Sind Sie noch da? Prima, dann können wir ja weiter in Luxus schwelgen. Eine Havanna gefällig? Kein Problem. Die Zigarrenkiste, im Premium-Sprech natürlich Humidor genannt, ist in der Mittelkonsole verbaut. Edle Prickelwässer finden im Kühlfach der klappbaren Fondarmlehne Platz. Lauschige Stunden zu zweit verbringt man idealerweise auf dem unteren Teil der Heckklappe, die sich elektrisch angetrieben zu Sitzbank oder Picknicktisch verwandeln lässt. Ein integriertes Stoffsegel schützt die picknickenden schwerreichen Individualreisenden vor allzu viel Natur.

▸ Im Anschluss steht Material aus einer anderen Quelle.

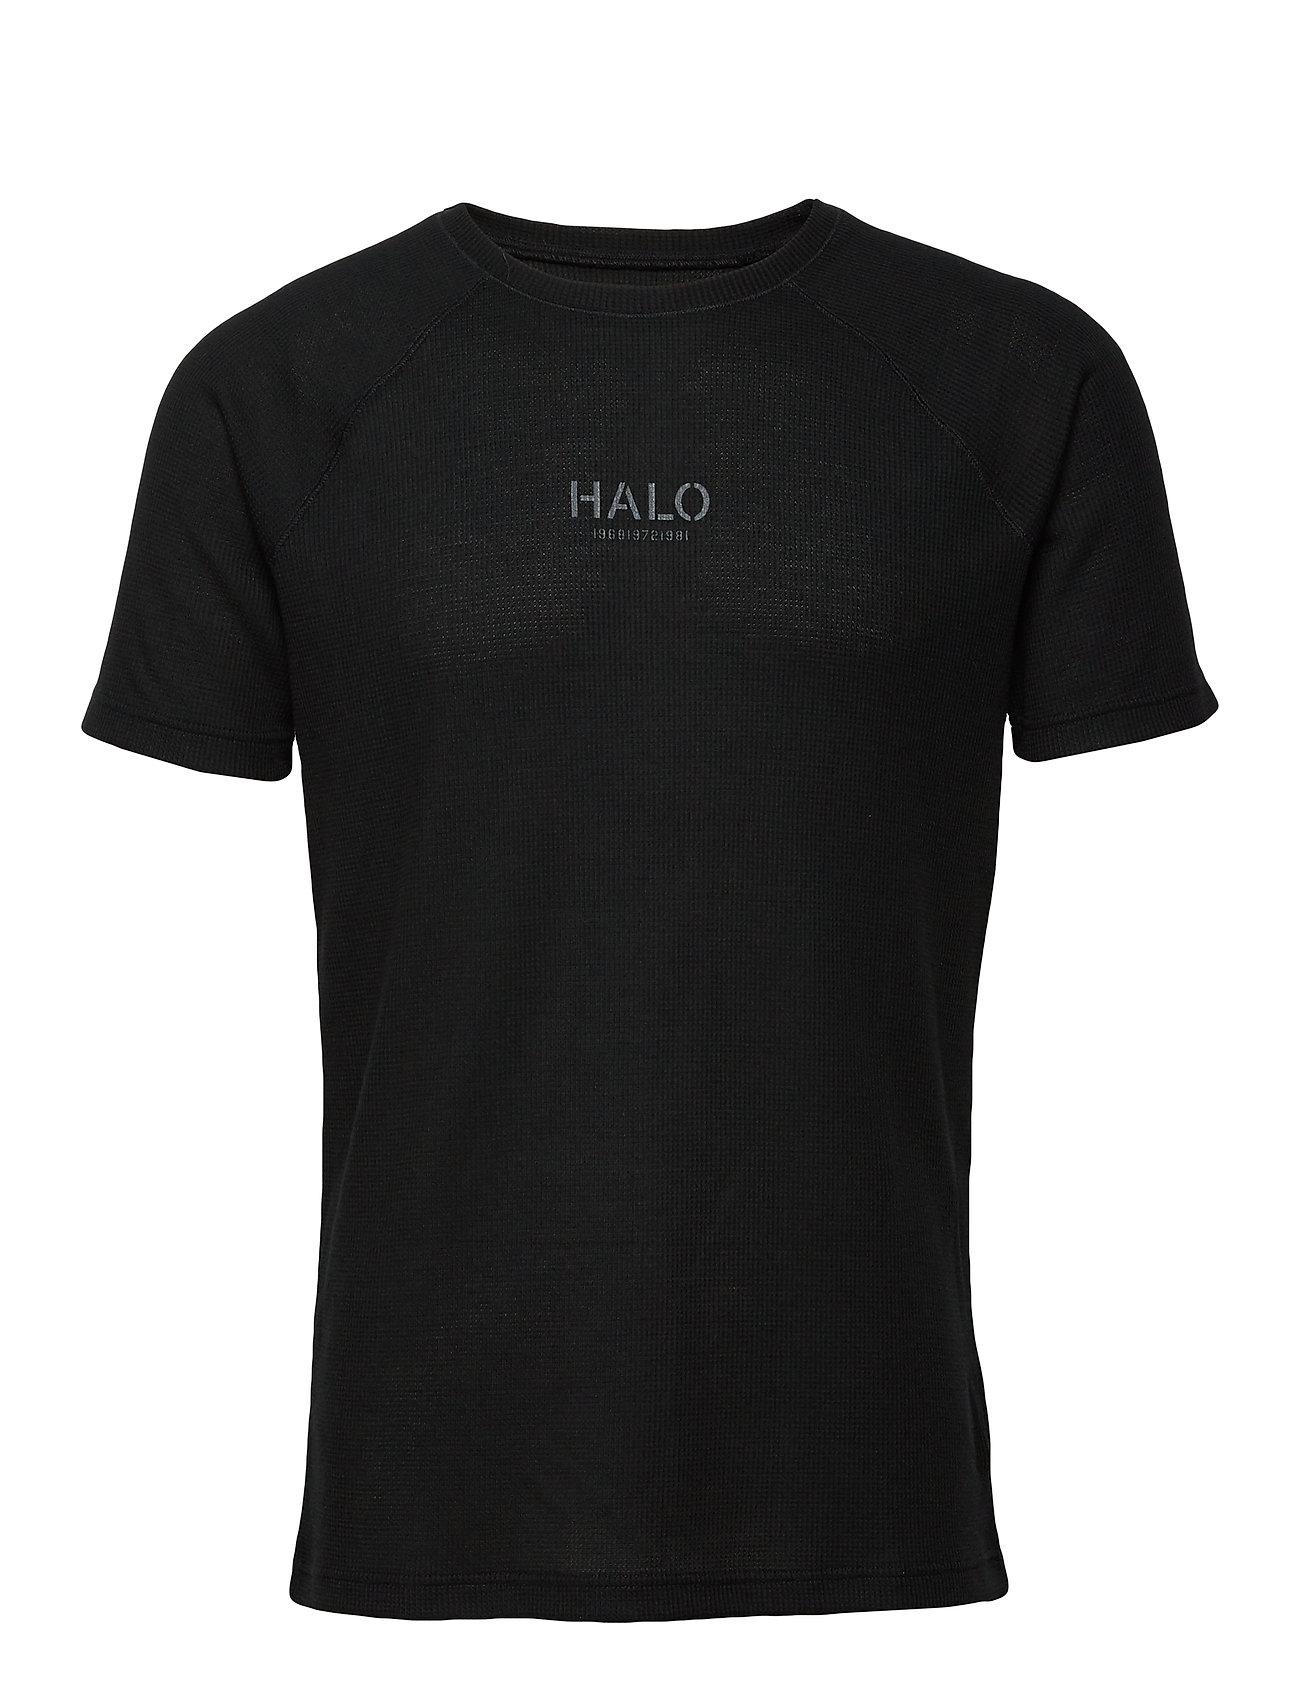 HALO HALO Military Tee - BLACK

Um selbige sollte man sich als Bentley-Fahrer eh nicht zu viele Gedanken machen. Hinterm Chrom-Gitter des XXL-Kühlers säuselt ein Sechsliter W12-Twinturbo, der butterweich 610 PS aus den Brennräumen holt. Sehr fein. Aber eben auch sehr durstig. Da hilft es herzlich wenig, dass sich Bentley-Chef Wolfgang Dürheimer vorstellen kann, den EXP 9 F mit dem "kleinen" Vierliter-V8-Twinturbo oder gar einem Hybridantrieb auf die weite Reise zu seinen künftigen Besitzern zu schicken. Die werden sich mit Blick aufs mächtig dick aufgetragene Design ganz sicher vor allem außerhalb Europas finden – wo die Straßen breit, die Parkhäuser riesig und die oberen 10.000 glücklich sind, wenn sie Heckleuchten spazieren fahren können, die "in Form und Gestaltung von den Strahltriebwerken eines Kampflugzeuges inspiriert wurden." Noch Fragen?